Mi alzai frettolosamente dal letto. Avevo dormito tutto il pomeriggio? 
“Hai un’ora per prepararti” concluse uscendo dalla camera.
Bene, ho un’ora per farmi la doccia, rendermi presentabile e vestirmi. Ce la farò? Non penso.
Entrai in bagno correndo e portando con me i vestiti e la biancheria intima pulita. 
Feci velocemente una doccia, senza lavarmi i capelli. Erano abbastanza puliti. Mi vestii, mi truccai e finalmente uscii dal bagno. 
“Phoebe” le urla di mia madre si facevano sempre più vicine a me.
“Dimmi mamma” le risposi urlando anch’io in modo che mi sentisse.
“Ti muovi?” mi chiese con un  tono abbastanza scocciato.
“Si, sono pronta” 
Tornai in camera dove presi la mia borsa a tracolla, dove infilai dentro il portafoglio, il cellulare ed un ombrello. Il tempo già da stamattina non prometteva bene. 
Uscendo dalla stanza chiusi la porta e scesi velocemente le scale fino a raggiungere mia madre.
“Oh finalmente” esclamò lei.
“Scusa” dissi.
“Dai andiamo” così dicendo mia madre si girò seguita da Patrick e da me verso la porta di ingresso che uscendo chiuse con due giri di chiave.
Salimmo in macchina abbastanza velocemente considerando il nervosismo di mia madre abbastanza convinta di essere in ritardo.
“Siamo in ritardo” esclamò arrabbiata premendo il piede sull’acceleratore per uscire dal parcheggio.
In meno di dieci minuti eravamo arrivati.
Un enorme parcheggio portava all’entrata annunciata da una scritta luminosa “34esima Festa Annuale”affiancata da un falco. Il simbolo delle nostra città. 
Dopo aver parcheggiato la macchina ci dirigemmo tutti verso l’ingresso. La musica era abbastanza alta e già si potevano osservare molte persone occupate nel festeggiare.
“Mamma, mi vedo con Ron” dissi mentre ci dirigevamo verso la festa.
“Va bene, ci sentiamo per telefono” concluse.
Mia madre e Patrick almeno per stasera non mi avrebbero disturbata. Grazie a Dio. Continuai camminando dritta fino alla statua.
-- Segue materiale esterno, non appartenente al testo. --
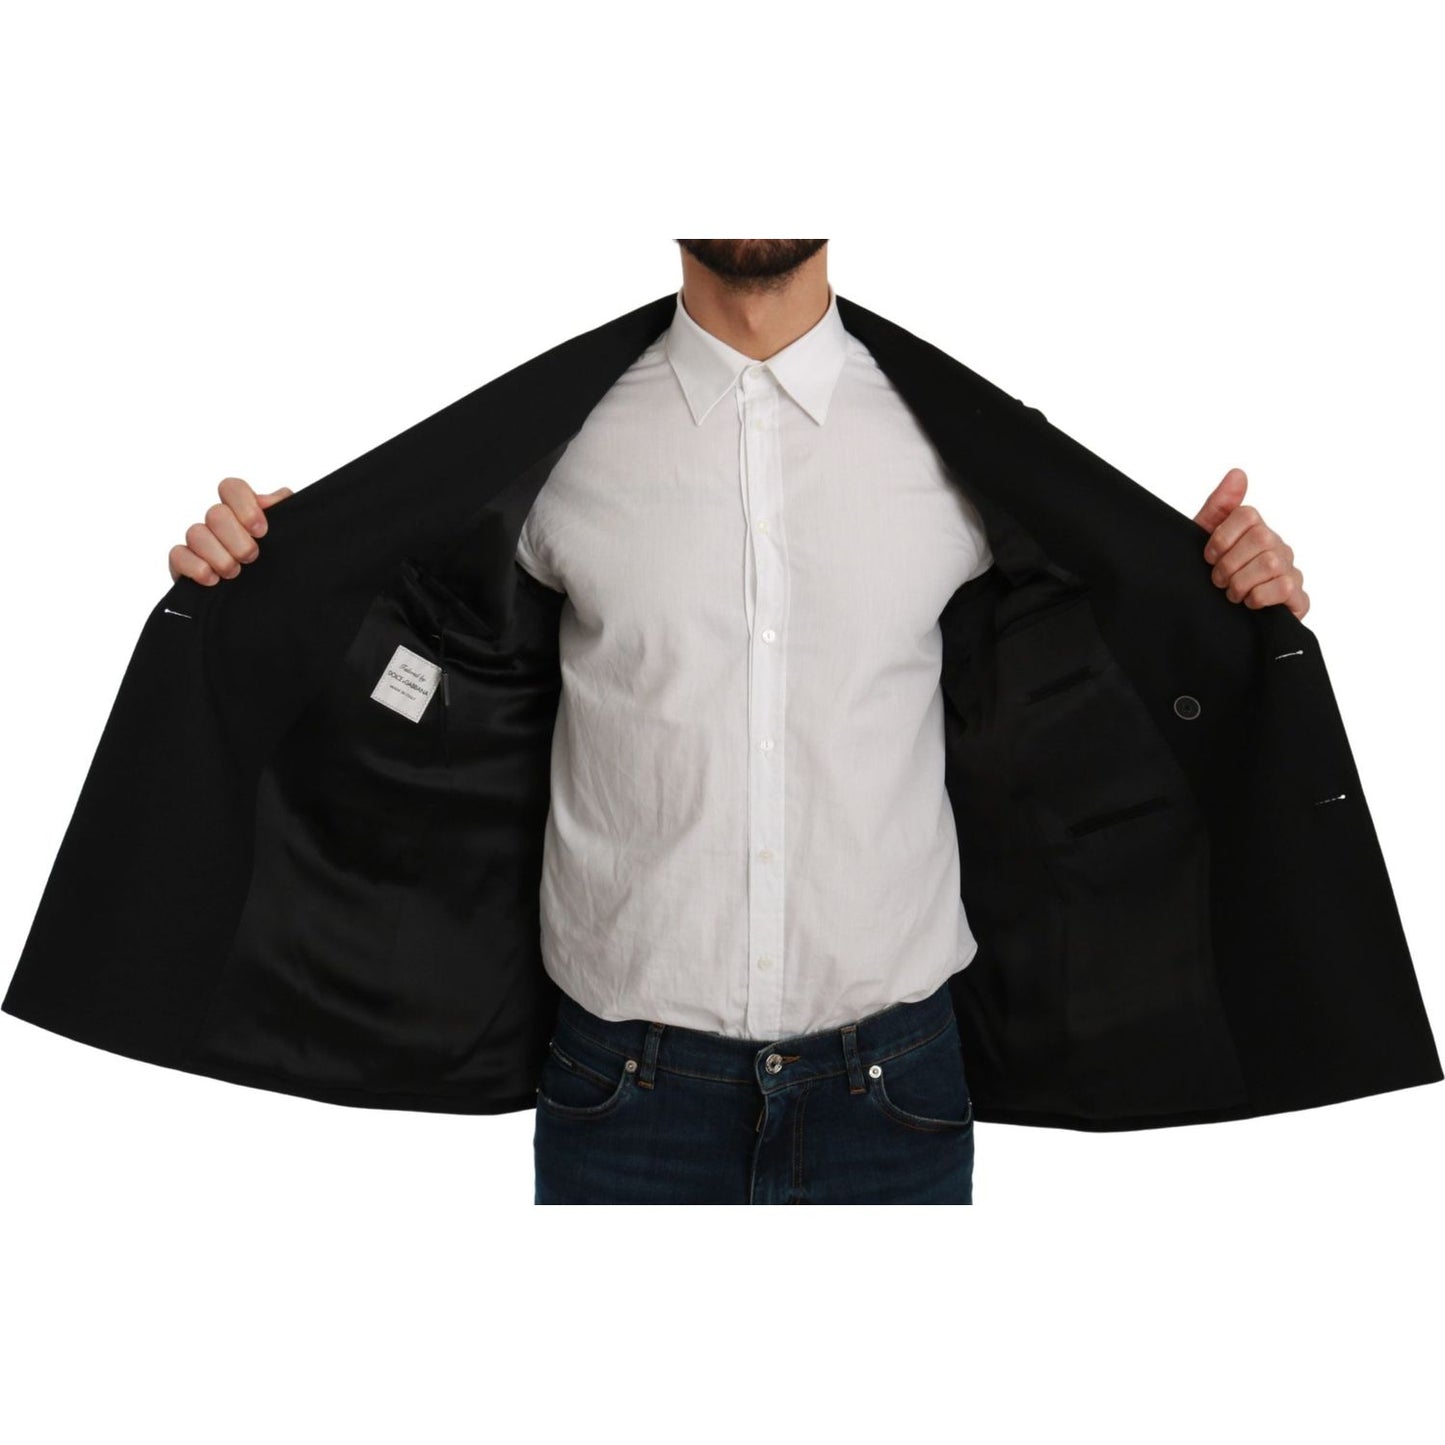 Dolce & Gabbana Elegant Black Slim Fit Formal Blazer black-slim-fit-jacket-coat-wool-blazer-1

Osservandola meglio, sembrava un pochino lugubre. Incuteva quasi paura. Ma dopotutto è solo una statua che parla di una stupida leggenda. 
A nessuno interessa, e solo i ‘fondatori’ sembrano seri su questa storiella. 
Venni interrotta da una persona con una capigliatura color carota. Ron.
“Collins” mi salutò abbracciandomi.
“Weasley” ricambiai. 
Ci conoscevamo da una vita. Andavamo a scuola assieme da quando eravamo piccoli, ma poi lui decise di lasciare la scuola ed aiutare suo padre con la sua officina.
“Bella serata vero?” disse. Sembrava un po’ imbarazzato.
“Già, hanno organizzato bene questa festa” risposi.
“Che ne dici di andare a mangiare un pezzo di pizza alla bancarella di Joe?” mi chiese “Sto morendo di fame”
“Certo” risposi poco convinta. Joe era un tipo losco, abbastanza introverso. Ma tutti lo conosceva grazie alla sua favolosa pizza.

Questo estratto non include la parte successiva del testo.